Central bank meetings
 
  • Australia will kick off the week’s central bank meetings on Tuesday, followed a day later by the release of GDP estimate for the first quarter. These have the potential to move the Aussie dollar sharply, with the commodity dollar surging back over the past couple on months, as investors decided that the Australian economy would not be impacted as badly as some of the other regions in the world. The Reserve bank of Australia (RBA) launched its first ever quantitative easing (QE) programme a couple of months ago, but then begun winding down its purchases of Australian government bonds. If the RBA suggests purchases will increase again then this could undermine the AUD’s rally. The central bank is widely expected to keep rates unchanged at 0.25%. Meanwhile, Australian GDP is expected to print 0.4% q/q, which would be some achievement given the big falls in growth elsewhere in the world due to Covide-19 lockdown.  
 
  • On Wednesday, the Bank of Canada (BOC) is also expected to keep interest rates unchanged at 0.25%. According to a Reuters poll, nearly all surveyed economists think the BOC will keep its policy at this historic low rate until at least the end of next year as the economy reels from the coronavirus crisis. The central bank needs time to assess how the economy and housing market is coping. So, we are probably talking about another three or four months at least before the BOC gives any major indications about its next move. Therefore, the BOC meeting may not have too much of an impact on the Canadian dollar. The CAD has rallied sharply after the USD/CAD broke key support at 1.3850ish this week. For as long we hold below this level, the path of least resistance would be to the downside for this pair (or higher for the CAD).
 
  • The European Central Bank’s (ECB) policy decision on Thursday will probably the most interesting one to watch out of the three meetings.

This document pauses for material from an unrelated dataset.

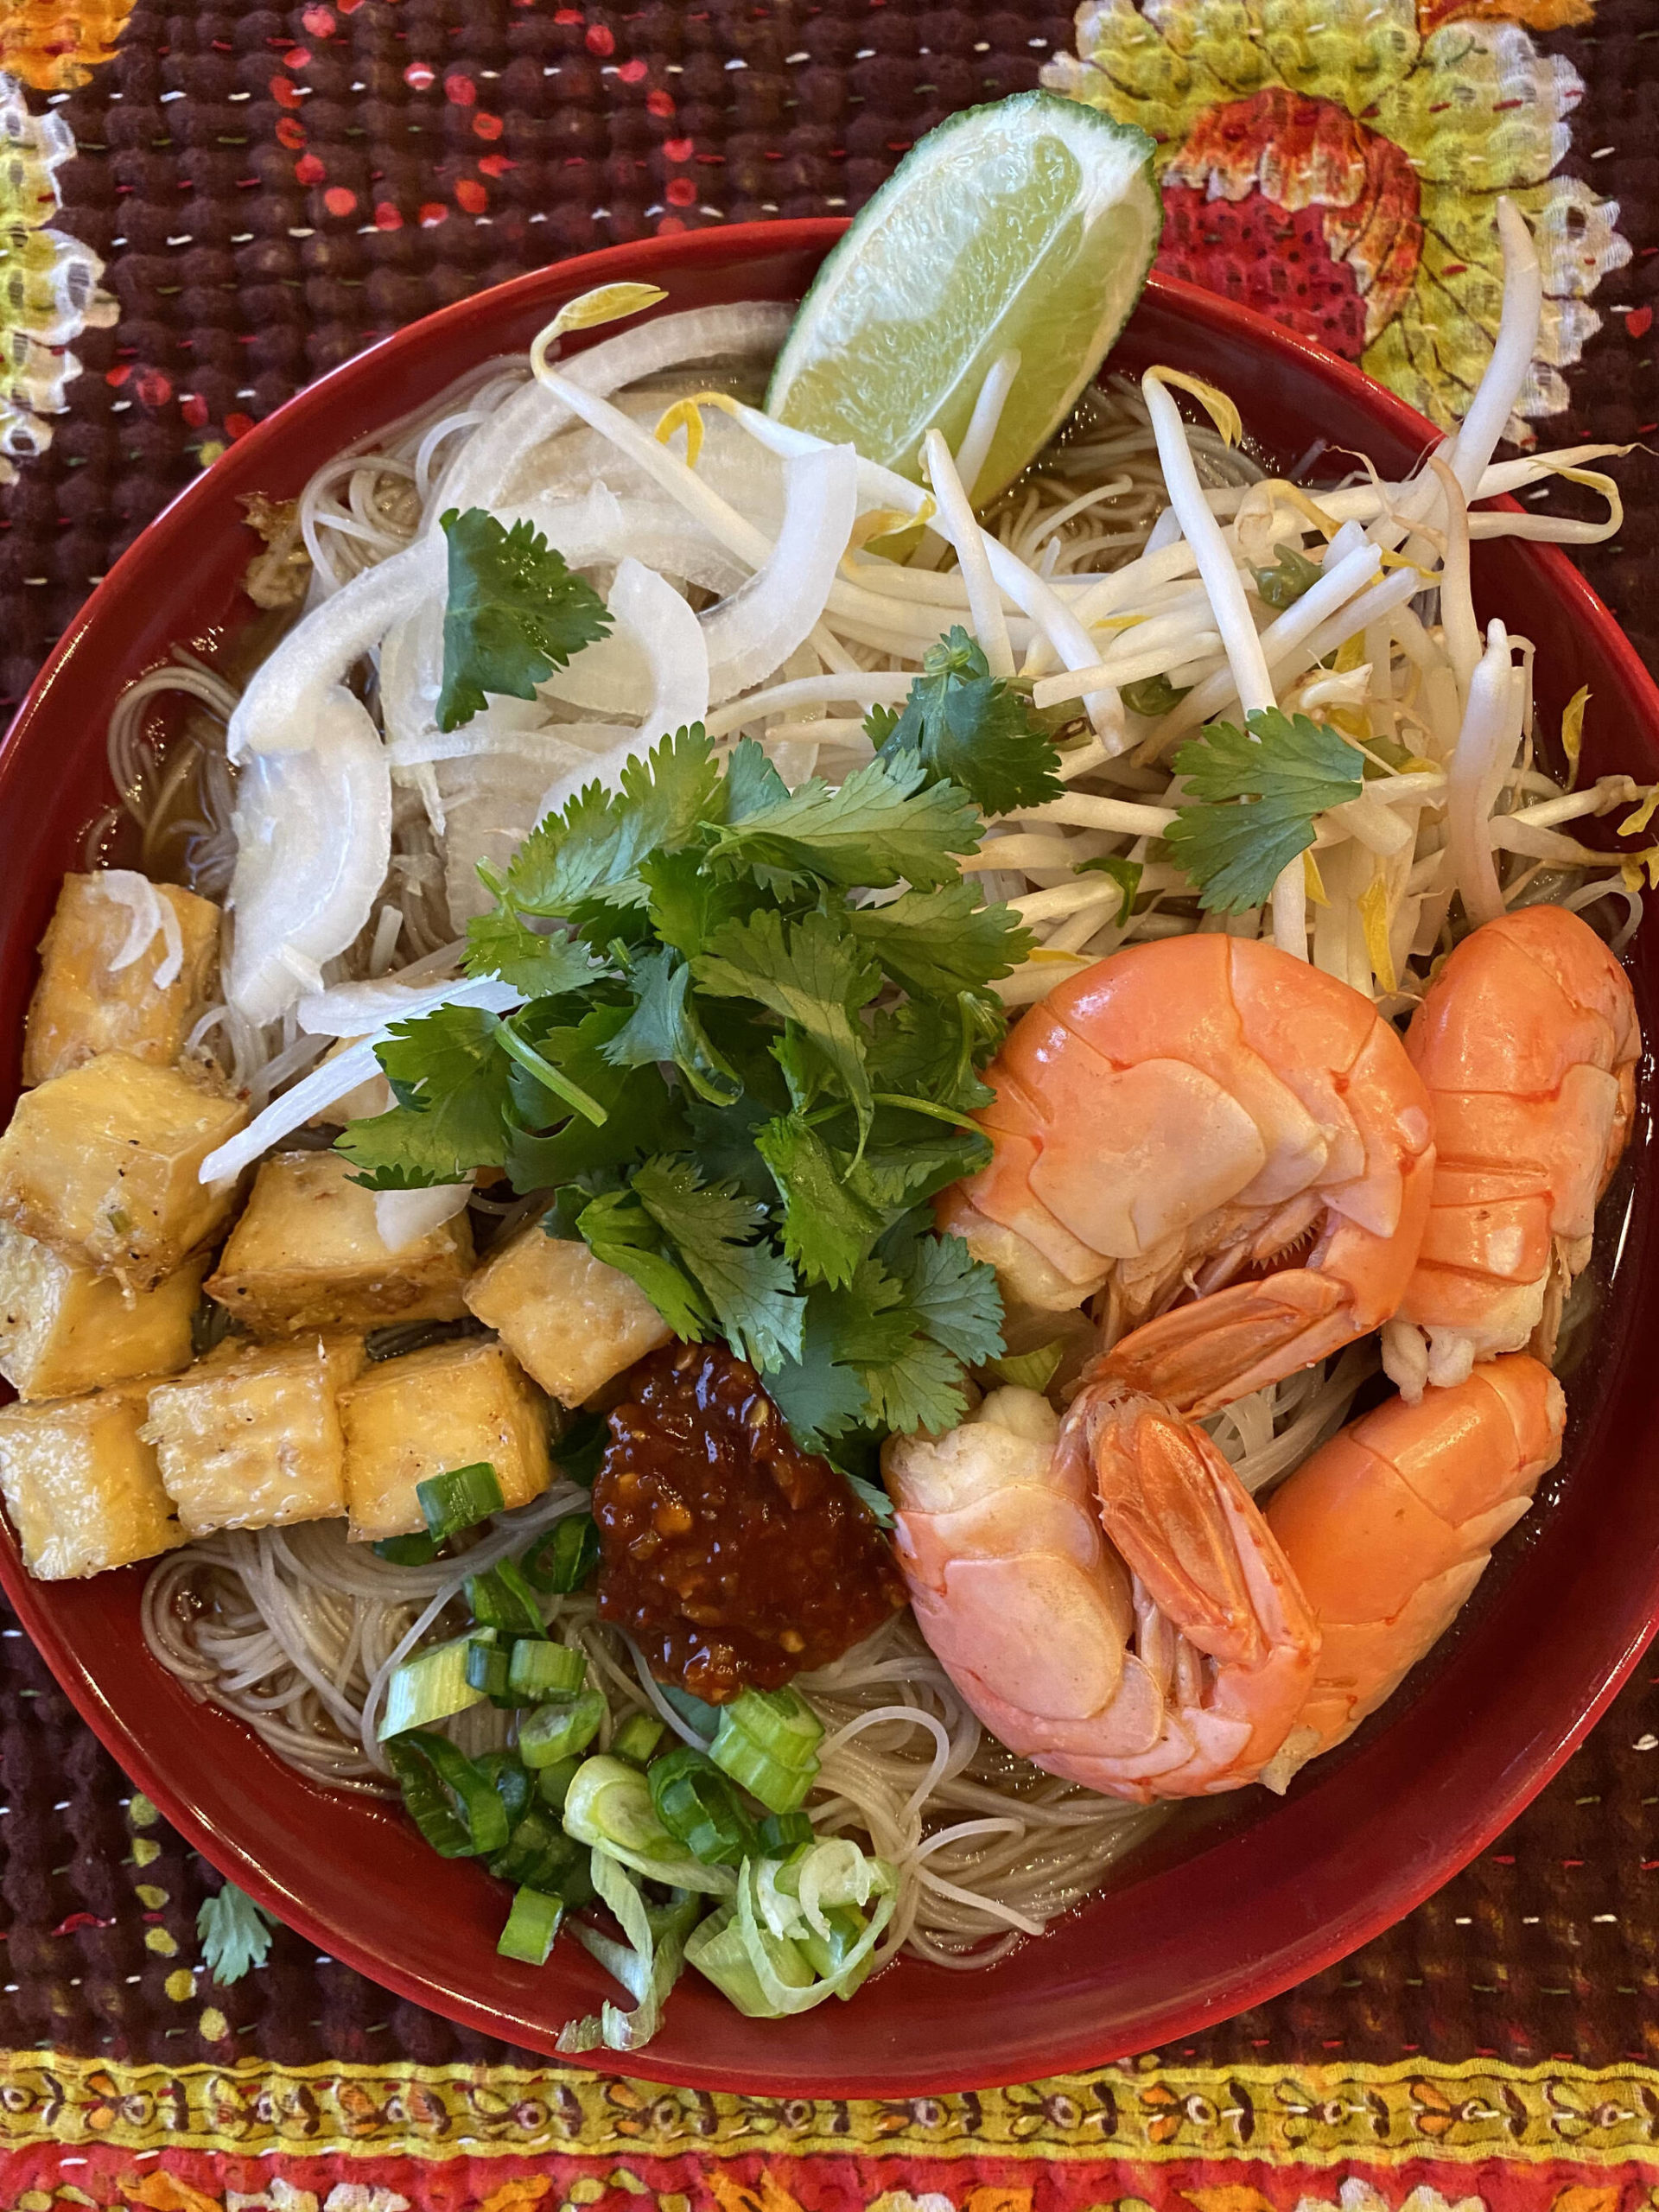 Rice noodles, tofu, lemon grass, cilantro, shrimp and bean sprouts top this homemade pho. (Photo by Tressa Dale/Peninsula Clarion)

Analysts are not expecting any rate changes, but it is widely expected the ECB would boost the size of its Pandemic Emergency Purchase Programme (PEPP). The PEPP was unveiled in March and has the capacity for €750 billion of asset purchases. It will be interesting to see how the euro will react should the ECB decide to expand PEPP. This week, the single currency rallied on the back of EU’s proposal for a €750 billion pandemic relief fund.